Simplifi ed scheme of the two-step Tn3 transposition
Simplified scheme of the two-step Tn3 transposition – In the fi rst step, catalyzed by the tnpA gene product, the plasmid (black) bearing the transposon (blue) fuses with the target plasmid (green, target in red) to form a cointegrate. During cointegrate formation, the transposon replicates. In the second step, catalyzed by the tnpR gene product, the cointegrate resolves into the target plasmid, with the transposon inserted, plus the original transposonbearing plasmid.

Second Step

  • The second step in Tn3 transposition is the separation of the cointegrate into two separate plasmids, each of which has one copy of Tn3.
  • This step is a recombination between res sites on Tn3 that is triggered by the product of the resolvase gene, tnpR. Tn3 transposition is a two-step process, as shown by several lines of evidence.
  • First, mutants in the tnpR gene can’t get rid of cointegrations, so they cause cointegrations to form as the end result of transposition.
  • This shows that the cointegrate is usually a part of the reaction that happens in the middle.
  • Second, even if the tnpR gene is broken, cointegration can be fixed if another DNA molecule, like the host chromosome or another plasmid, has a working tnpR gene.

2. Conservative  or Nonreplicative transposition (or “cut and paste”) 

  • Some transposons, like Tn10, move without copying themselves. They leave the donor DNA and show up in the target DNA. Why does this happen?
  • It’s possible that nonreplicative transposition begins the same way as replicative transposition, by cutting and joining DNA strands from the donor and the target, but then something different happens.
  • Instead of replication happening through the transposon, new nicks show up on both sides of the transposon in the donor DNA.
  • This frees the donor DNA that had a gap in it, but the transposon is still attached to the target DNA.
  • The remaining nicks in the target DNA can be sealed, making recombinant DNA with the transposon integrated into the target DNA.
  • The donor DNA has a gap between its two strands, so it could be lost or, in this case, the gap could be fixed.
Detailed scheme of Tn3 transposition.
Detailed scheme of Tn3 transposition.

About the above Image

Step 1: involves nicking the two plasmids to create the free ends labelled a-h.

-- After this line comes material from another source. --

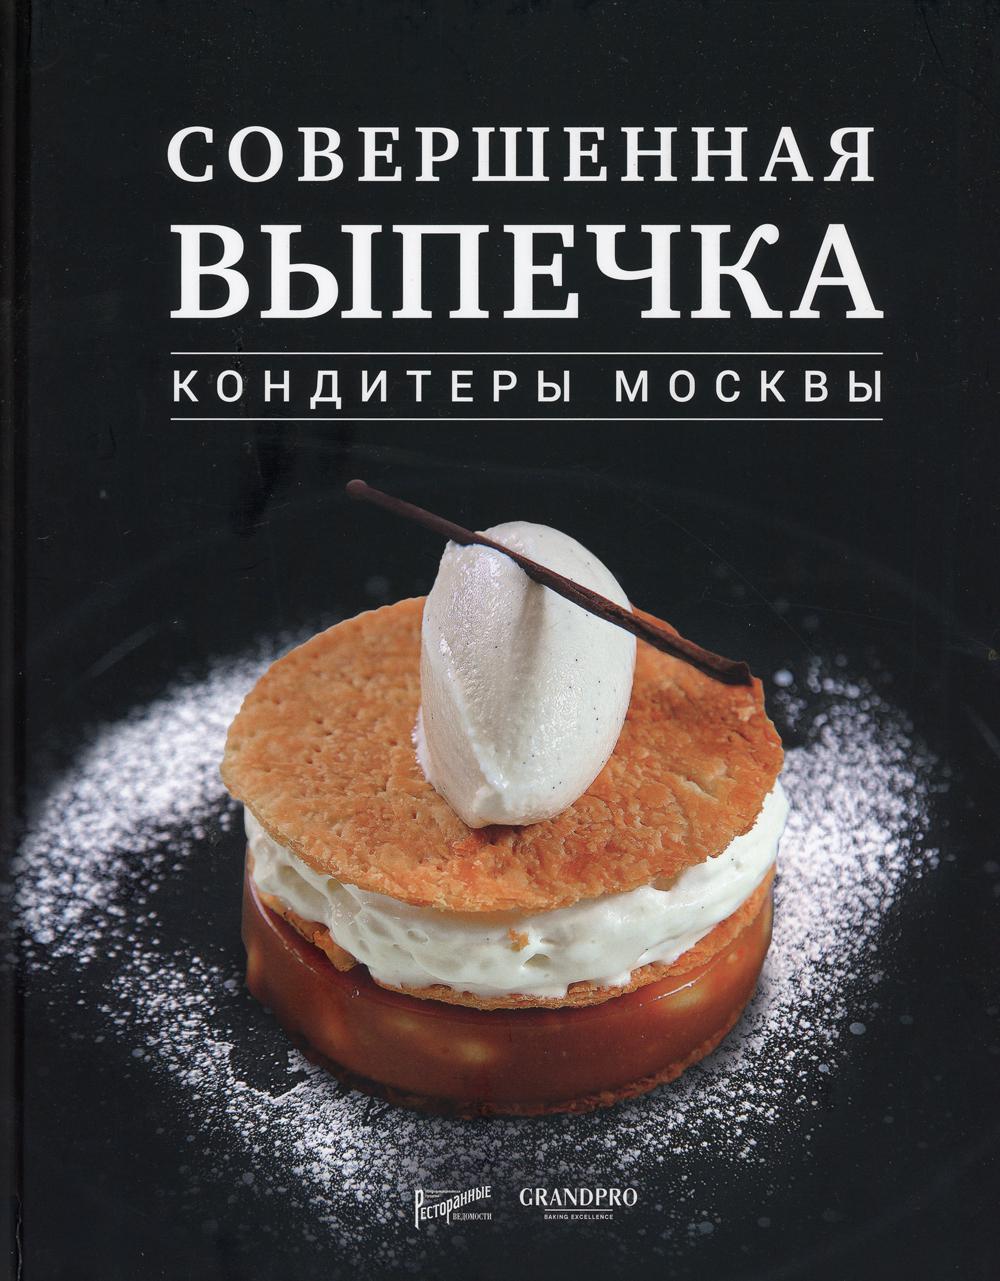 фото Книга совершенная выпечка. кондитеры москвы ресторанные ведомости

Step 2: Join the ends a and f, as well as g and d. This frees up b, c, e, and h.

Step 3: Two of the remaining free ends (b and c) function as primers for DNA replication, as depicted by the enlargement of the replicating area in Step 3.

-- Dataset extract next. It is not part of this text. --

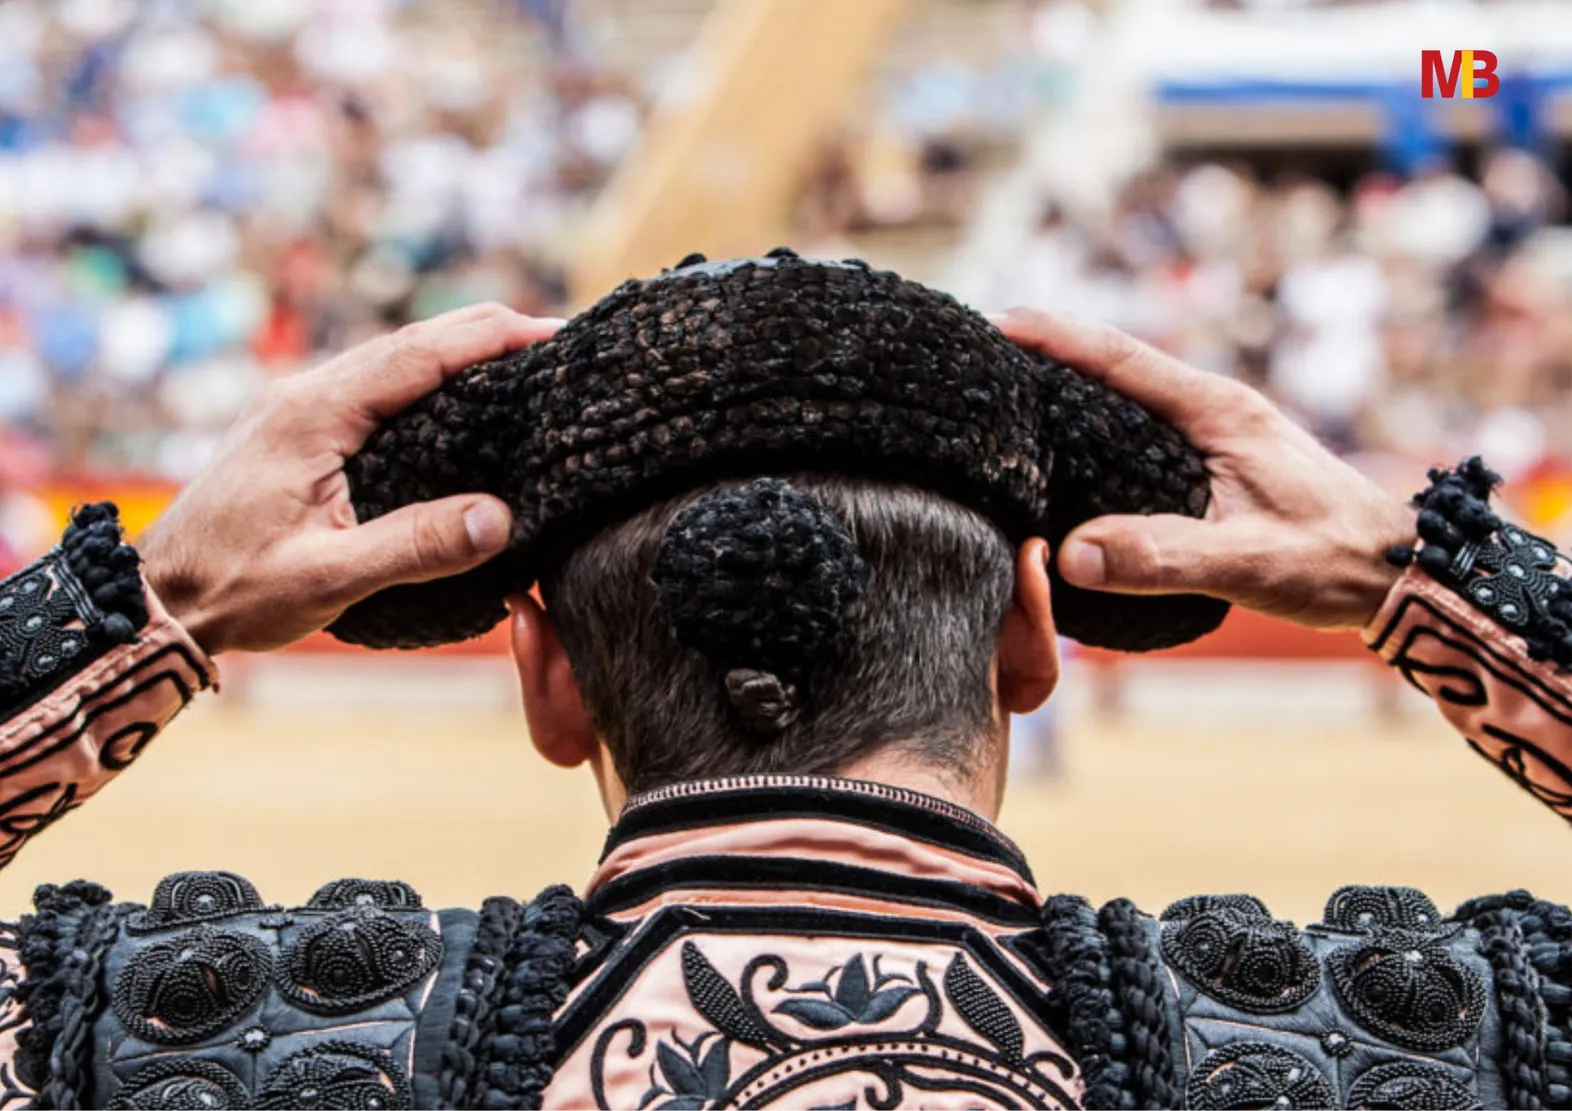 Madrid bullfighting

Step 4: Continue replicating until the ends of b and c reach e and h, respectively. These ends are ligated in order to finish the cointegrate. Observe that the entire transposon has been duplicated (blue). The paired res sites (purple) are presented for the first time, despite the existence of a single res site in prior rounds. The cointegrate is depicted with a loop so that its derivation from the preceding figure is more apparent; however, if the loop were removed, the cointegrate would resemble the one in Figure 1. (shown here at right).

Step Five and six (resolution): A crossover occurs between the two res sites in the two copies of the transposon, resulting in the formation of two separate plasmids, each of which contains a copy of the transposon.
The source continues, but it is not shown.